Input data.
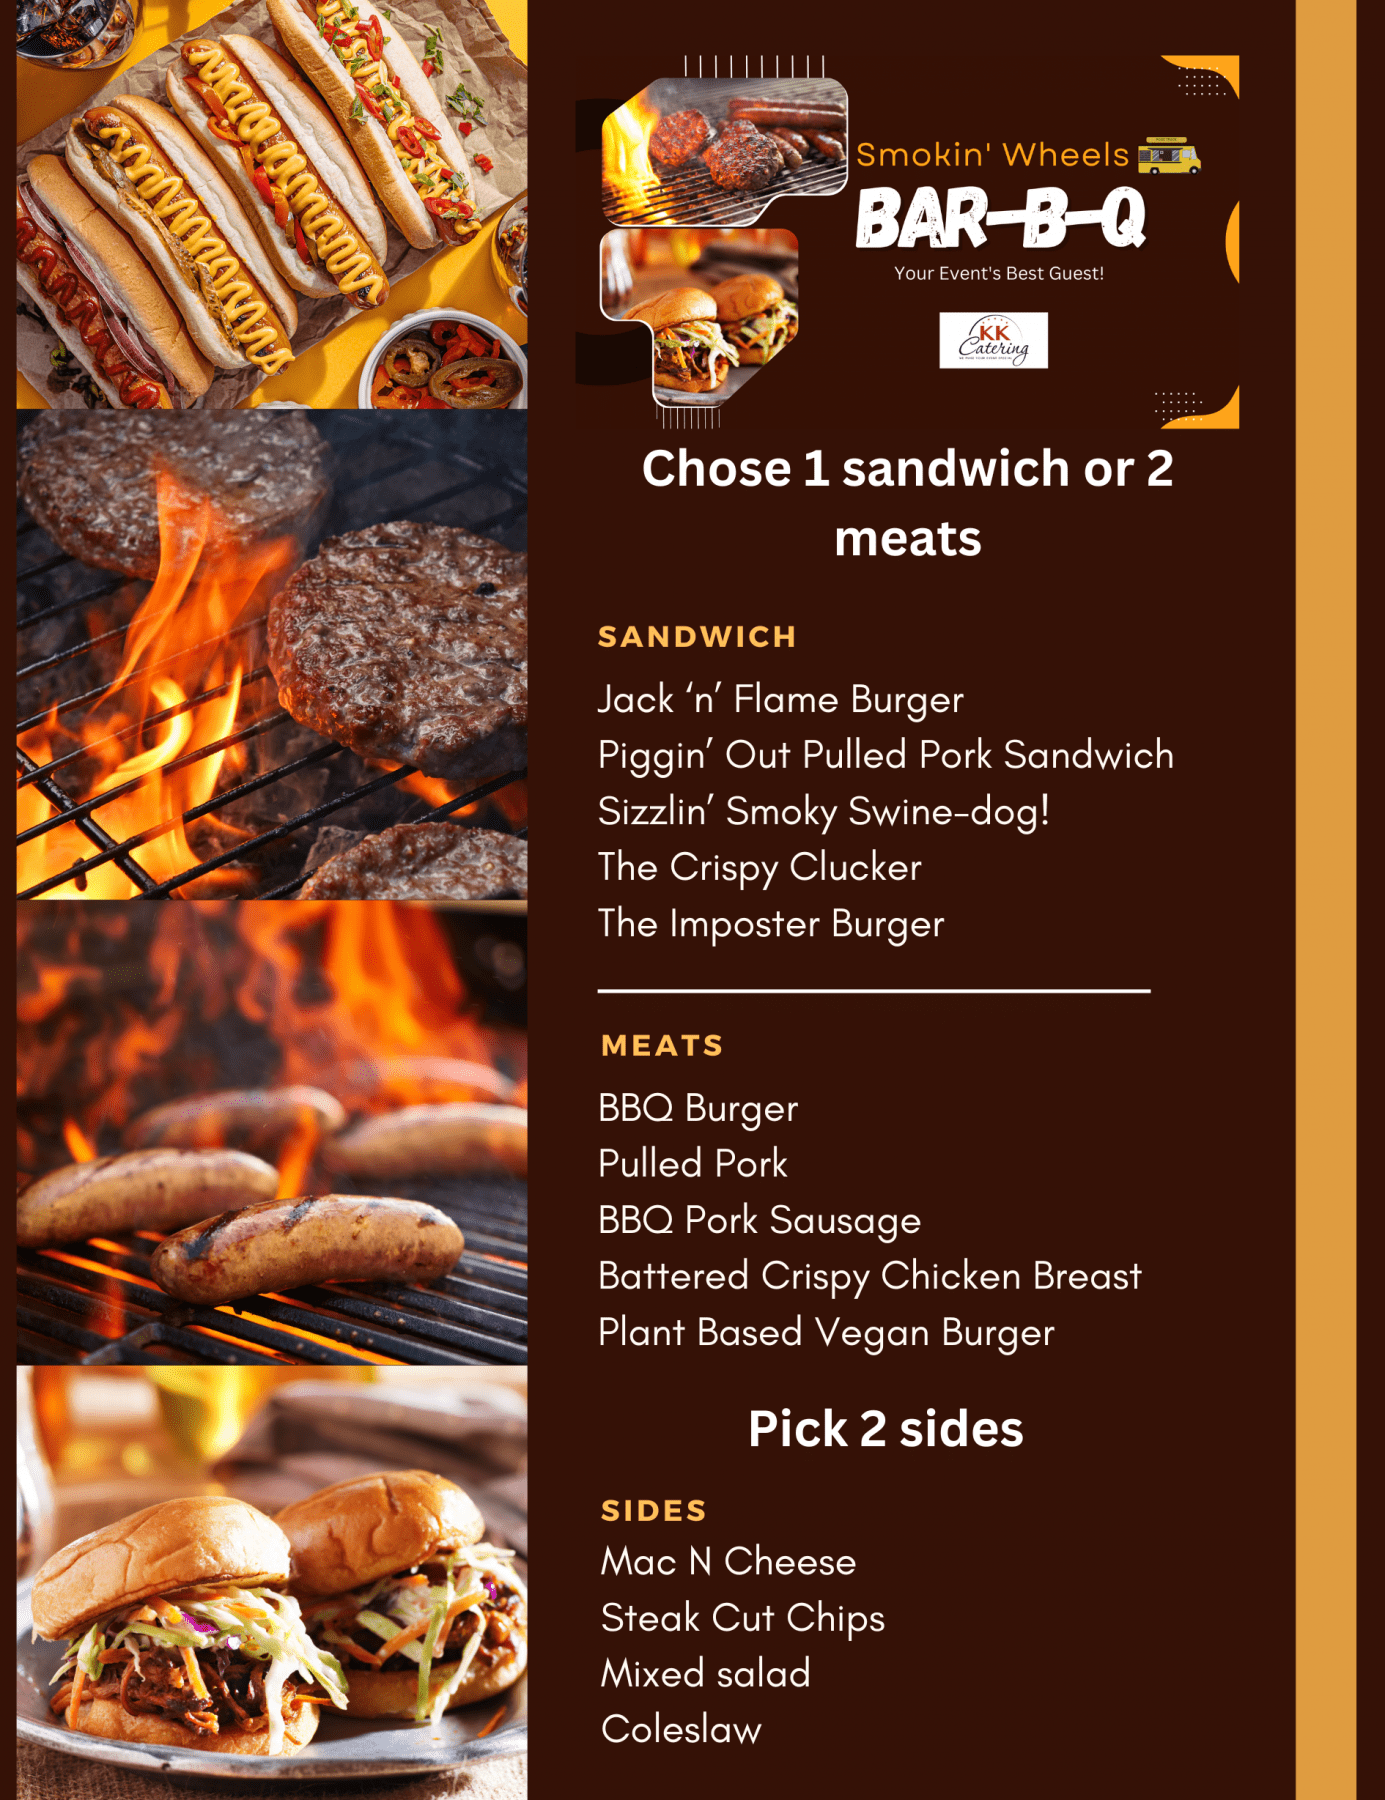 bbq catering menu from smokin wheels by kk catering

...

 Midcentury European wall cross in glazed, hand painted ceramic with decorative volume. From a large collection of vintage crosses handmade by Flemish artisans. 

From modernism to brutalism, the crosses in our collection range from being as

Work item. Of the lines in the data above, some may include the word "crosses"; state how many, with no added words.

Solution for this problem. 2